On the evening of July 26, Great Wall Securities “threw out a fixed increase plan, which is planned to raise no more than 10billion yuan from China energy capital, Shenzhen Energy and other fixed increase funds.”. This is also the securities companies that have issued the plan this year, the highest amount to be raised.
Since the implementation of the new regulation of fixed increase last year, the fixed increase market has recovered and institutional investors have a high enthusiasm for participation. After all, under the supervision system with net capital as the core, capital strength is the key factor to determine the core competitiveness of securities companies. However, it is worth noting that since this year, the agreed increase and decrease of bonds have occurred. Not only the amount raised by small and medium-sized securities companies is “shabby”, but also the agreed increase and decrease of 70% for large-scale securities. In this case, the pace of targeted issuance of securities companies has slowed down significantly this year.
Great Wall Securities is not more than 10billion yuan
No more than 1/4 for debt repayment
On the evening of July 26, Great Wall Securities disclosed its plan for non-public issuance of shares. The amount of the company’s proposed raised funds shall not exceed 10 billion yuan (including), and the issuing objects shall not exceed 35 (including). Except for the controlling shareholder of the company, Huaneng capital, Shenzhen energy, Shenzhen xinjiangnan, other issuing objects shall be fund companies, securities companies, trust and insurance institutions investors.

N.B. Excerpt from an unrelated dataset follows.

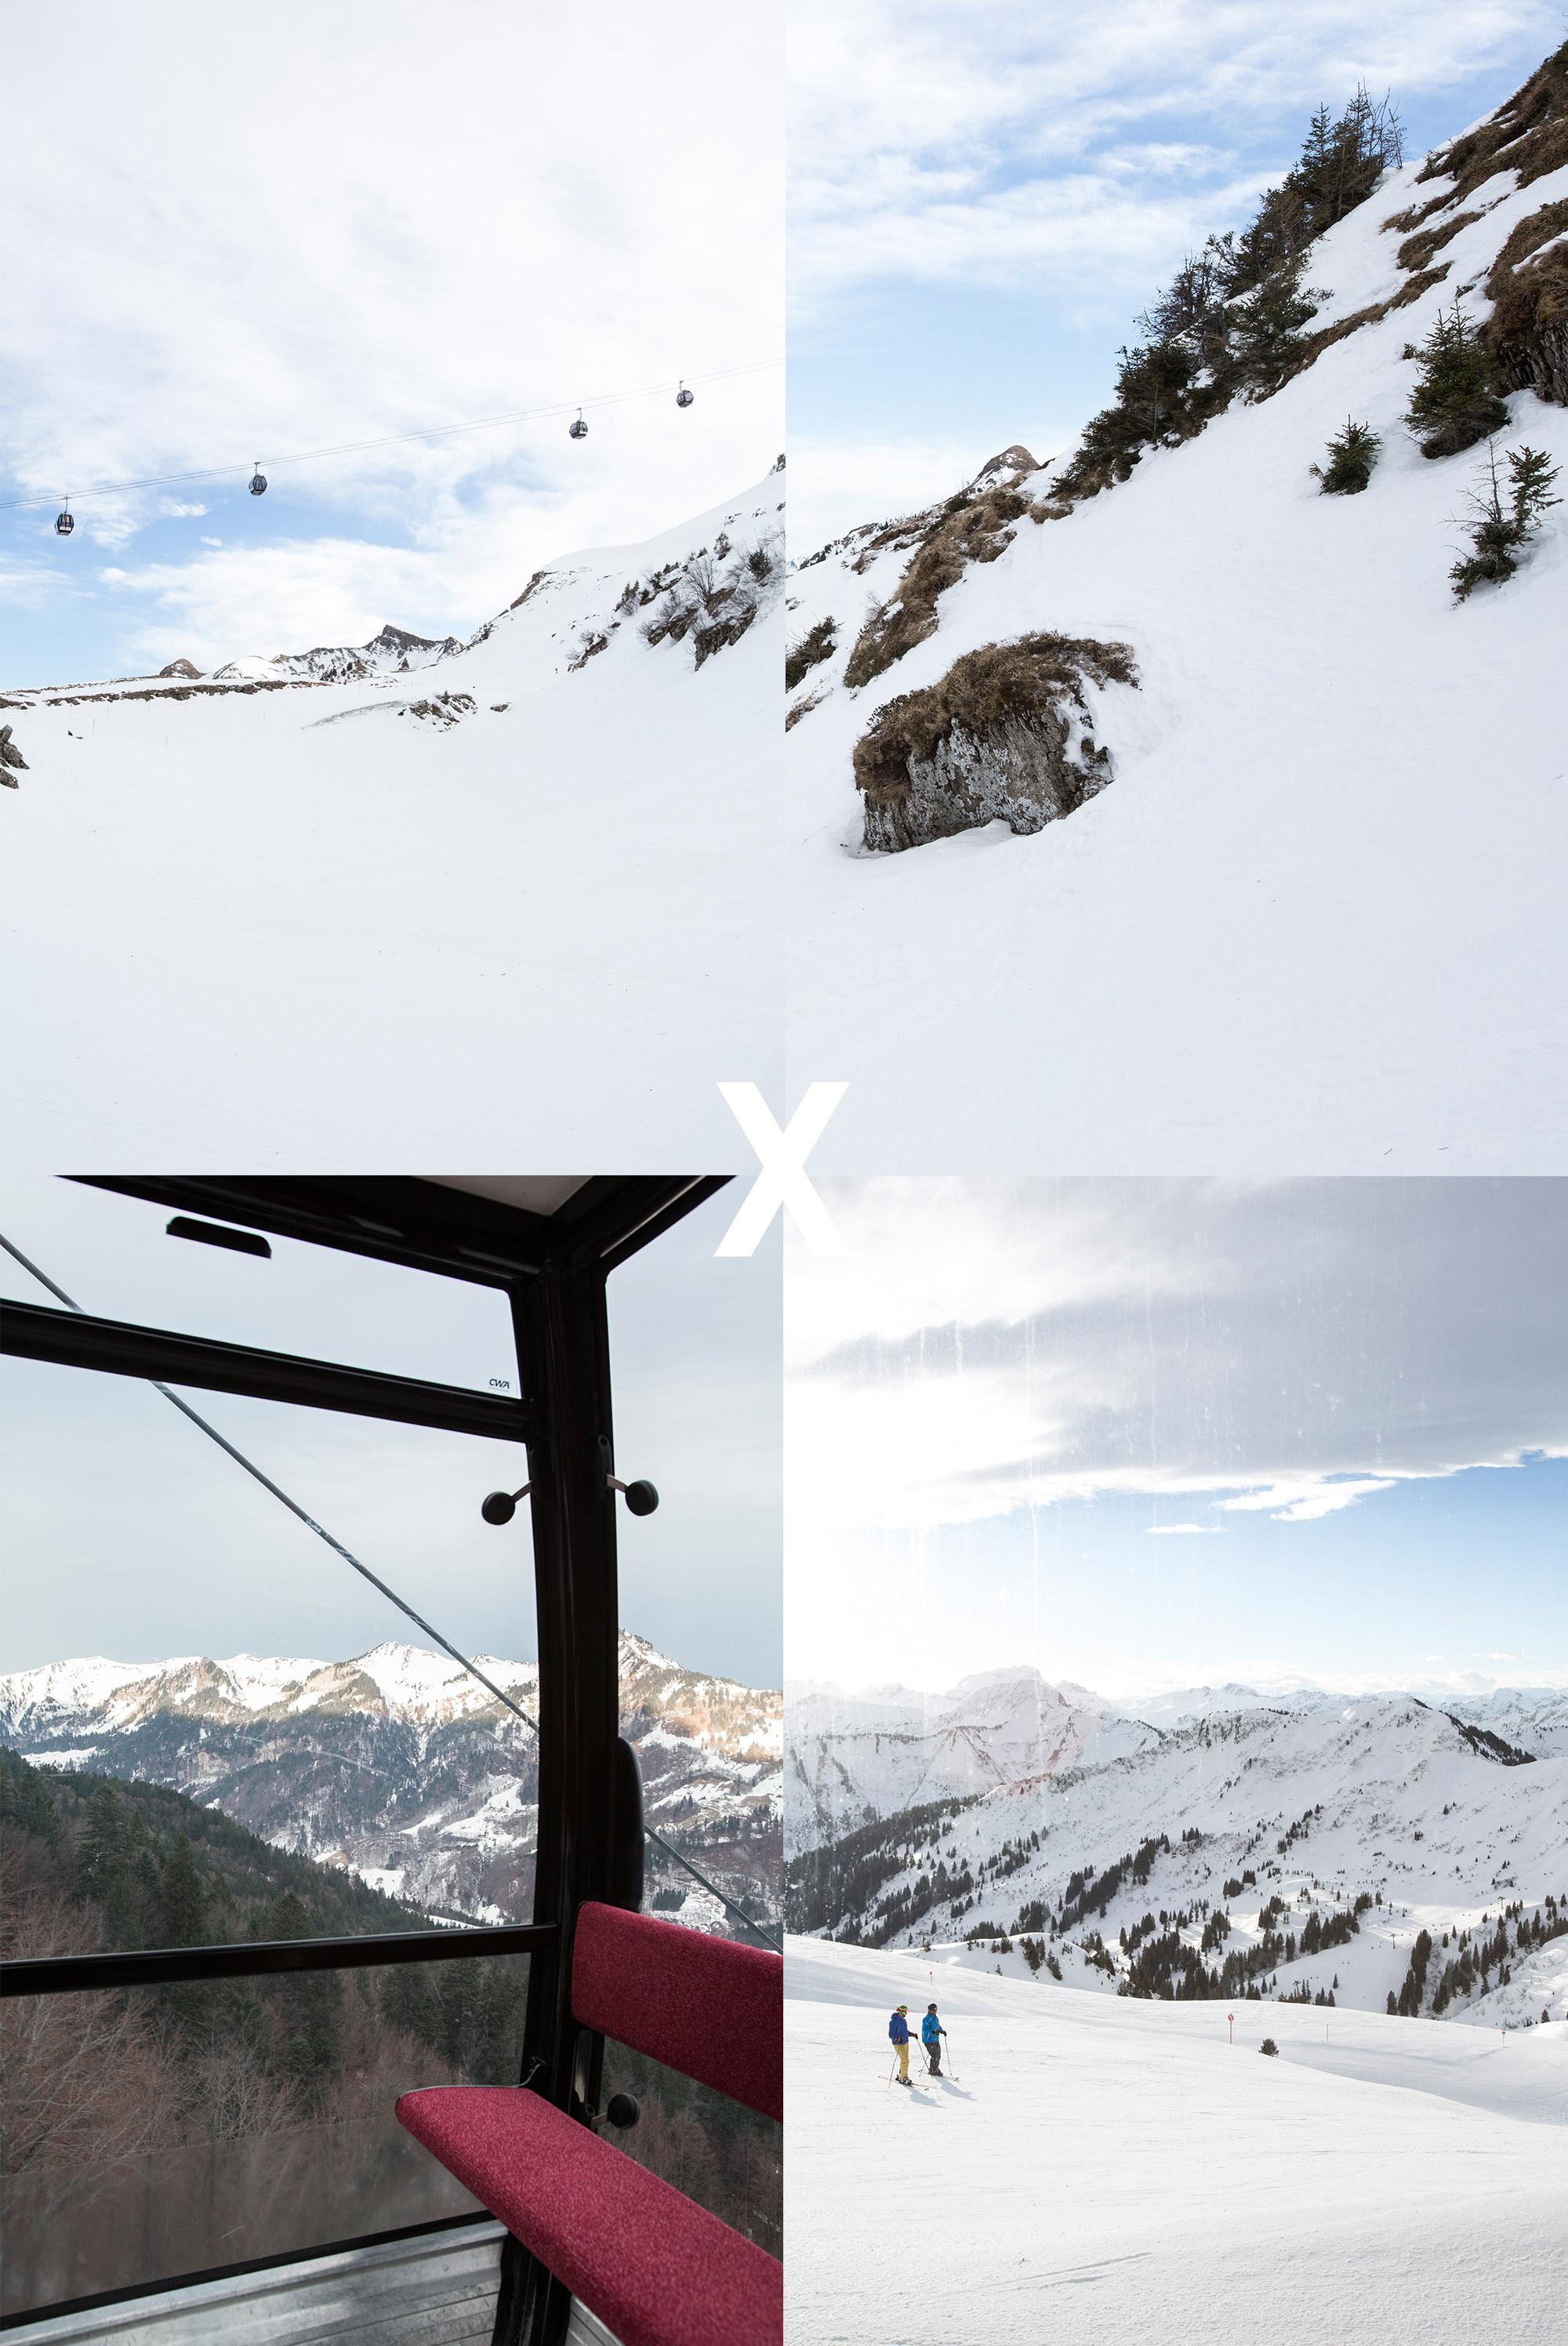 visiter autriche hiver

The number of shares issued this time shall not exceed 30% of the total share capital of the company before the issuance, i.e. no more than 931million shares (including). Among them, the subscription amount of Huaneng capital is not less than 2 billion yuan, not more than 4.638 billion yuan, the subscription amount of Shenzhen energy is between RMB 300-800million, and the subscription amount of Shenzhen xinjiangnan is not more than 1236 million yuan.
Great Wall Securities said that the raised funds, after deducting the issuance costs, are intended to be used to increase the company’s capital, supplement the company’s working capital and repay debts to support the company’s future business development, enhance the company’s market competitiveness and risk resistance capabilities and promote the realization of the company’s strategic development goals.
Specifically, the investment to capital intermediary business is not more than 5billion yuan, and the investment in securities investment business is not more than 2.5 billion yuan. It is worth noting that no more than 2.5 billion yuan of the raised funds will be used to repay the debt.
Great Wall Securities said in the announcement that in the process of building “digital securities companies, smart investment and science and technology finance”, more capital is needed to develop wealth management, self-supporting investment, investment bank and asset management, and more funds are needed to strengthen information technology construction and international layout. In order to actively grasp the opportunity of capital market development and realize the strategic objectives of the company, through this private offering, the company will supplement capital on one hand, which will benefit to gain advantages in the industry competition, on the other hand, it can increase investment in various businesses accordingly, so as to cultivate new profit growth points and promote the company to achieve strategic objectives.
Multiple certificates agreed to increase less than expected
The maximum decrease of fund raising amount is over 70%
In recent years, with the deepening of capital market reform in China, the development of the securities industry is becoming more and more differentiated. The monopoly of large-scale securities companies on high-quality issuers has been further enhanced, and the concentration of the industry is accelerating. At the same time, the degree of capital market opening to the outside world has been further improved, and the distribution of foreign securities companies has been accelerated, which further aggravates the industry competition.
The proportion of traditional light capital brokerage business has been relatively declining. Domestic securities companies have begun to get rid of the light asset model relying on license plates and channel businesses. The expansion of balance sheet has gradually become the main source of profit. The importance of capital strength to securities companies has been improved. Many listed securities companies have completed A-share private issuance in recent years, especially last year, The enthusiasm of securities companies is set to increase abnormally.
Specifically, in terms of the fund-raising amount of each, the securities companies “input and supplement” are relatively fierce, with 10 billion levels everywhere. For example, Haitong Securities ranked the top of the list with a total fund raising of 20billion yuan last year. In addition, the five securities companies of China Trust Securities, CITIC Securities, China CITIC investment securities, Tianfeng securities and Zhejiang securities all proposed to raise more than 10 billion yuan last year.